### YOUR GOAL
Your reply must contain the full listing below, reproduced exactly, but no pictures.

Segment Start: INFORMATION SUPPLIED

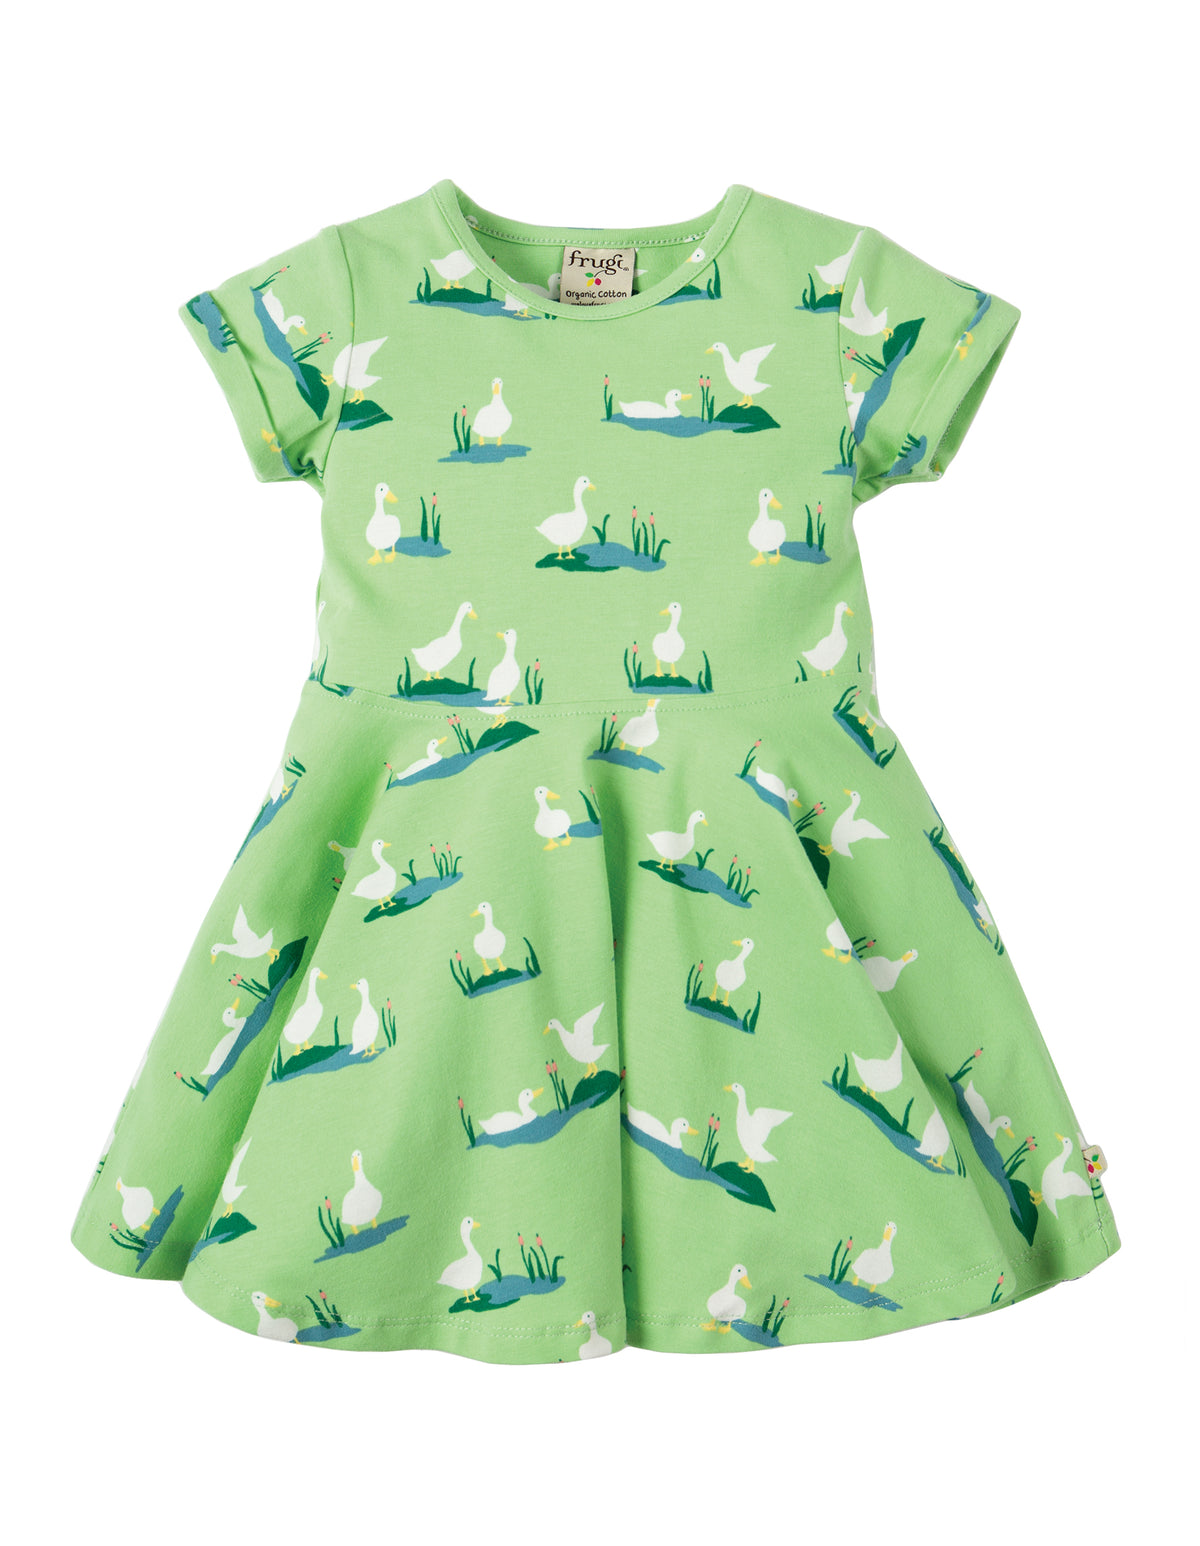 Grünes Kleid mit Enten von der Marke Frugi
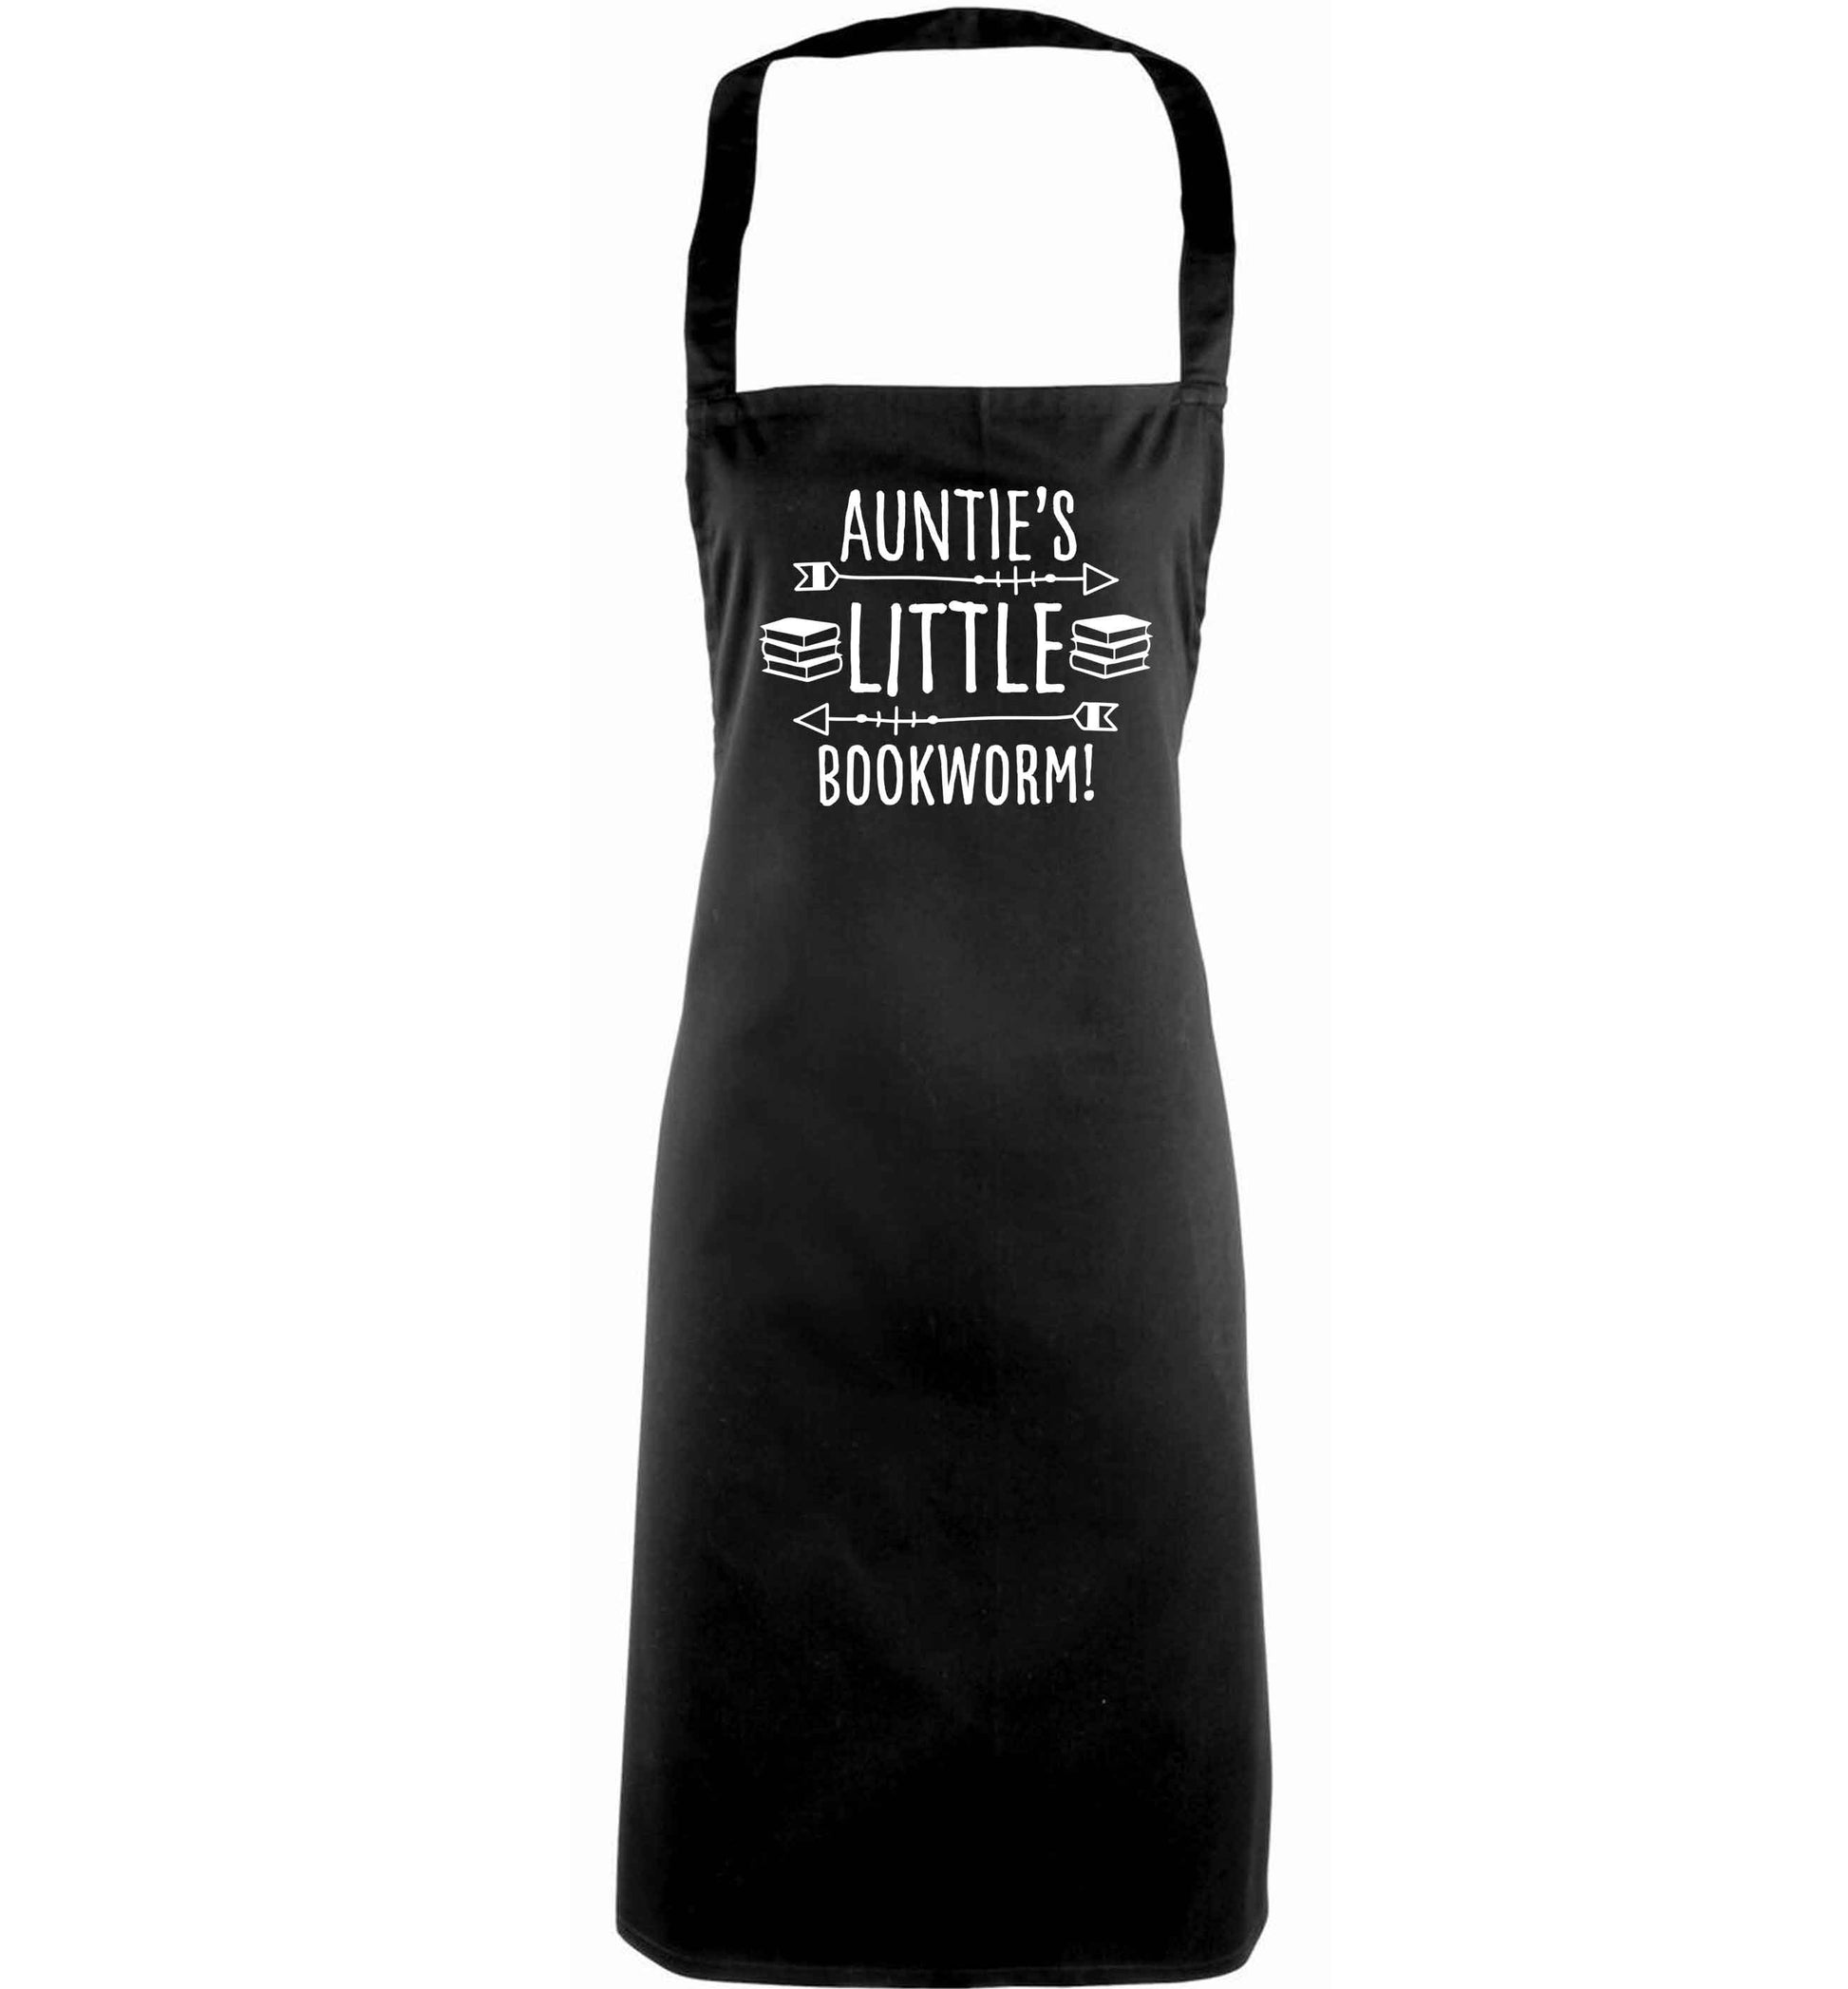 Auntie's little bookworm adults black apron
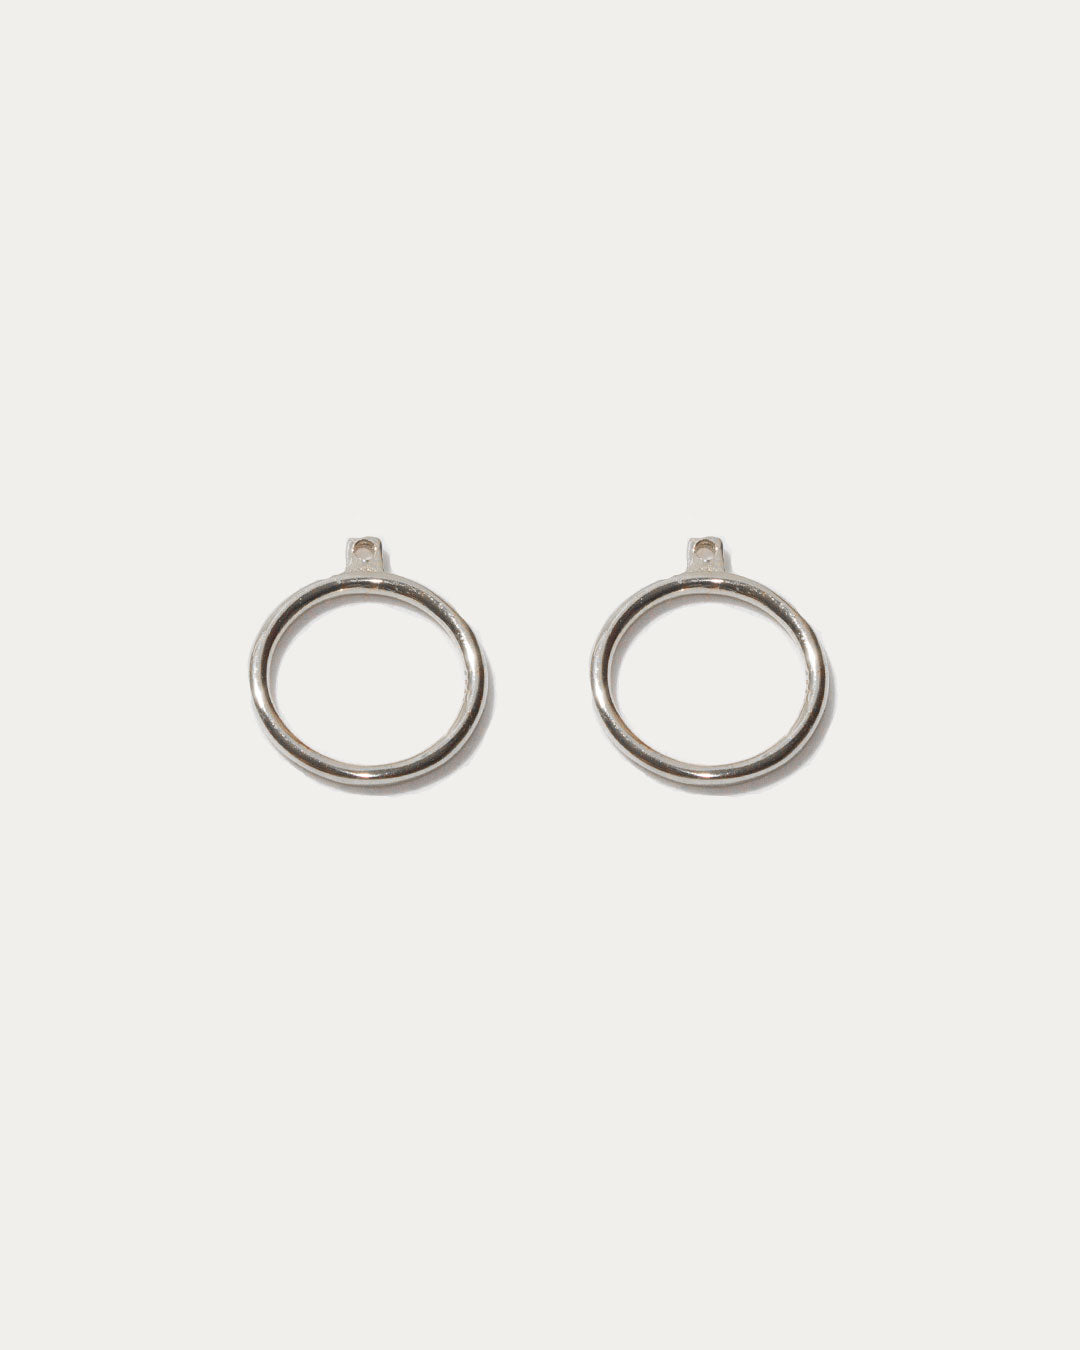 Buy 925 Sterling Silver Diamond Cut Big Hoop Earrings for Women Online

Segment End: INFORMATION SUPPLIED

### RESPONSE AREA
 Grünes Kleid mit Enten von der Marke Frugi
 Auntie's little bookworm adults black apron
 Buy 925 Sterling Silver Diamond Cut Big Hoop Earrings for Women Online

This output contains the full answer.